In 2018, Adane was let go by his long time club Saint George S.C. Soon after, Adane agreed to a contract with his former club Hawassa Kenema FC.

==International career==
Adane was a key player for the Ethiopia national team during the qualification of the 2013 African Cup of Nations. On his first appearance of African Cup of Nations, Adane played at central midfielder position in place of another sensational young midfielder Addis Hintsa. Because of the more cautious approach to the first match against 2012 Champions Zambia, the Coach chose to play Adane in the central position, leaving Addis Hintsa on the bench. With great skill and short passing, Adane managed to lead the team to a draw. His team played with only 10-man for more than 70 minutes of the match. Shortly after the introduction of Addis Hintsa, Adane played in a more in attacking position. On the 65th minute, Adane would receive a great pass from the striker Saladin Said which he converted it to a magnificent low corner goal.

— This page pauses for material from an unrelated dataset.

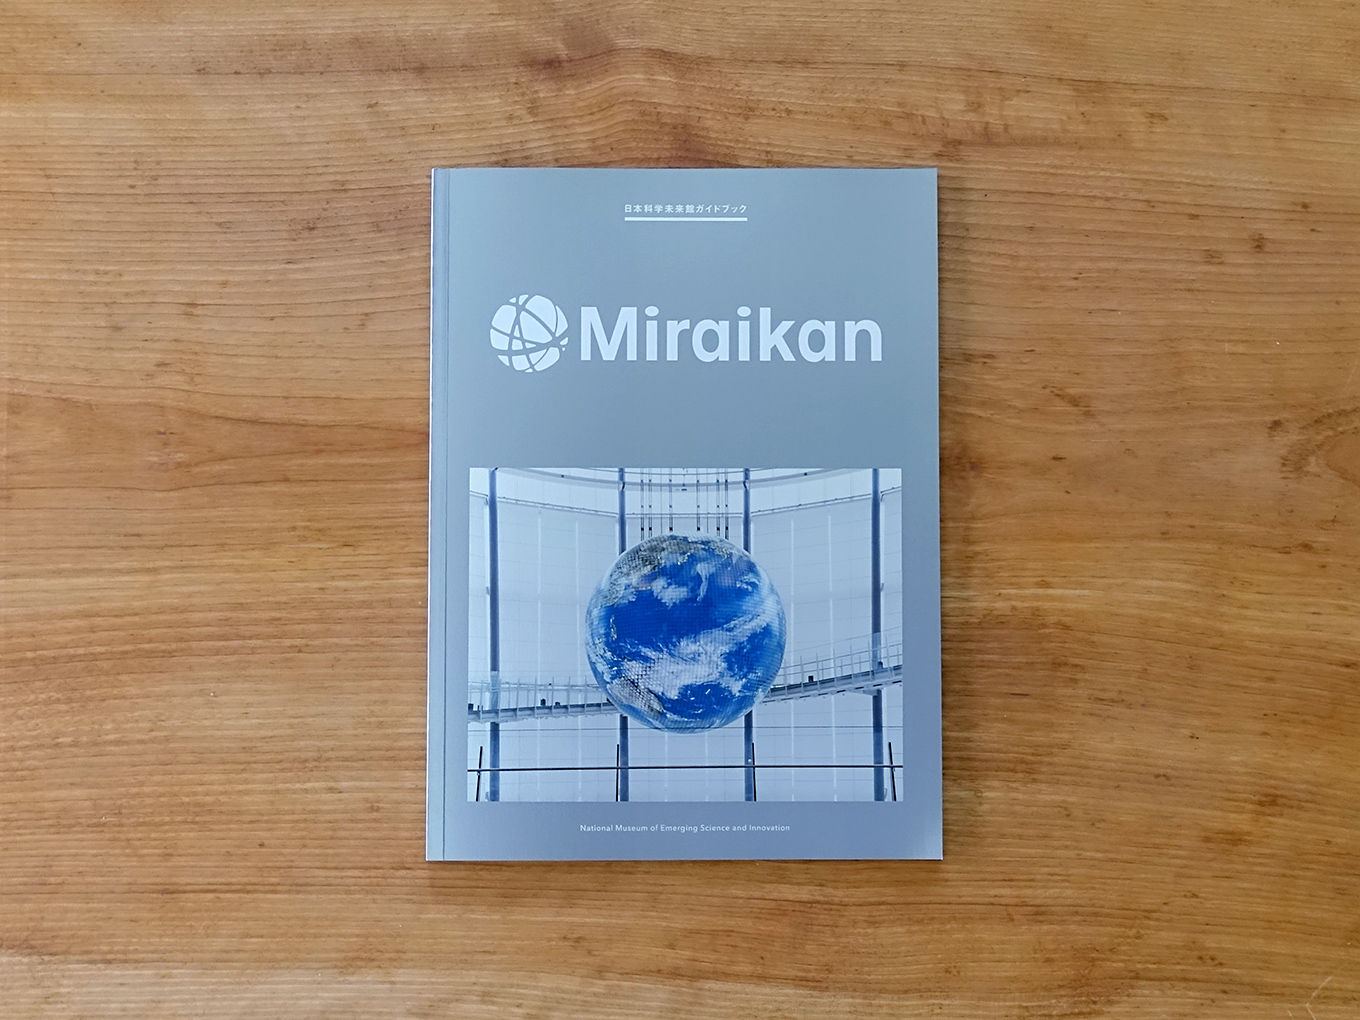 mirakan_guidebook1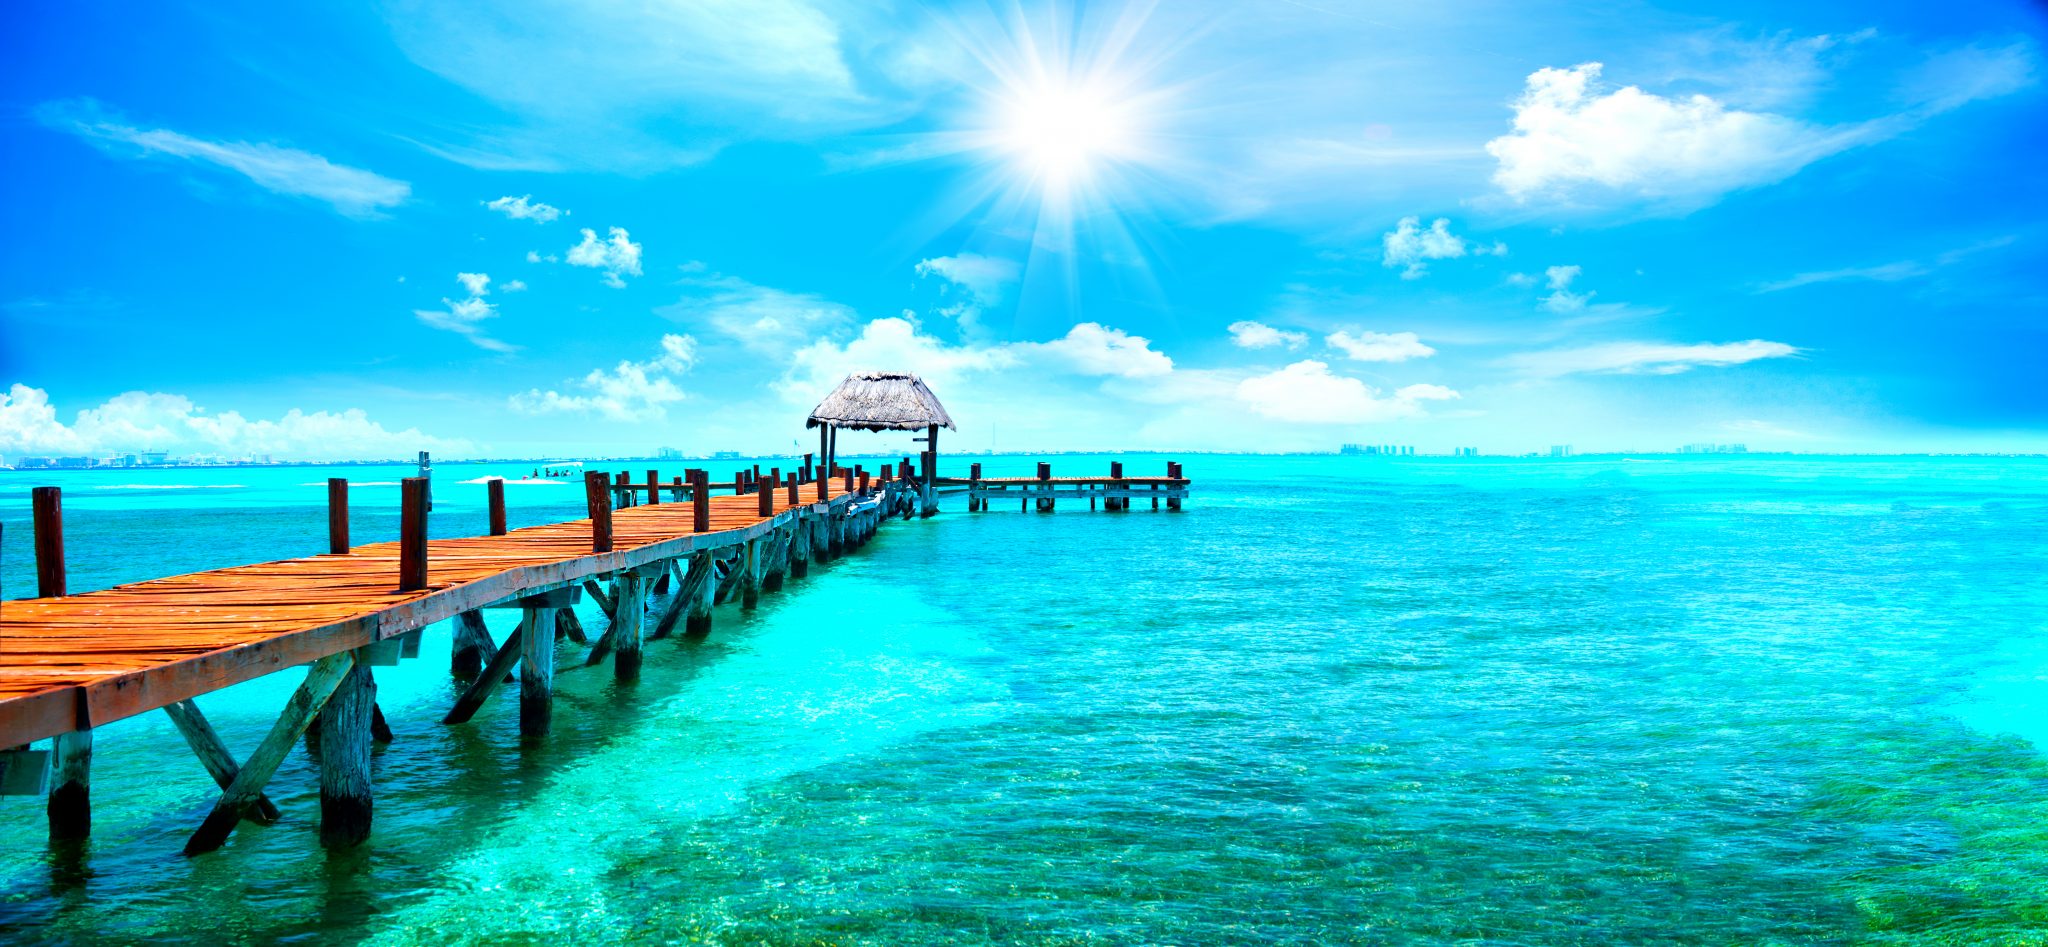 Pesquisando onde se hospedar no México? Então saiba que Riviera Cancún é, sem dúvida alguma, um dos destinos preferidos de quem visita o país l Crédito: Shutterstock

Adane was named to the Ethiopian squad for the 2013 Africa Cup of Nations. He scored the equalizer in team Ethiopia's first match against Zambia in the 2013 Africa Cup of Nations, in Nelspruit, South Africa.

Adane retired from the Ethiopian national team in 2015.

==Career statistics==
Scores and results list Ethiopia's goal tally first, score column indicates score after each Adane goal.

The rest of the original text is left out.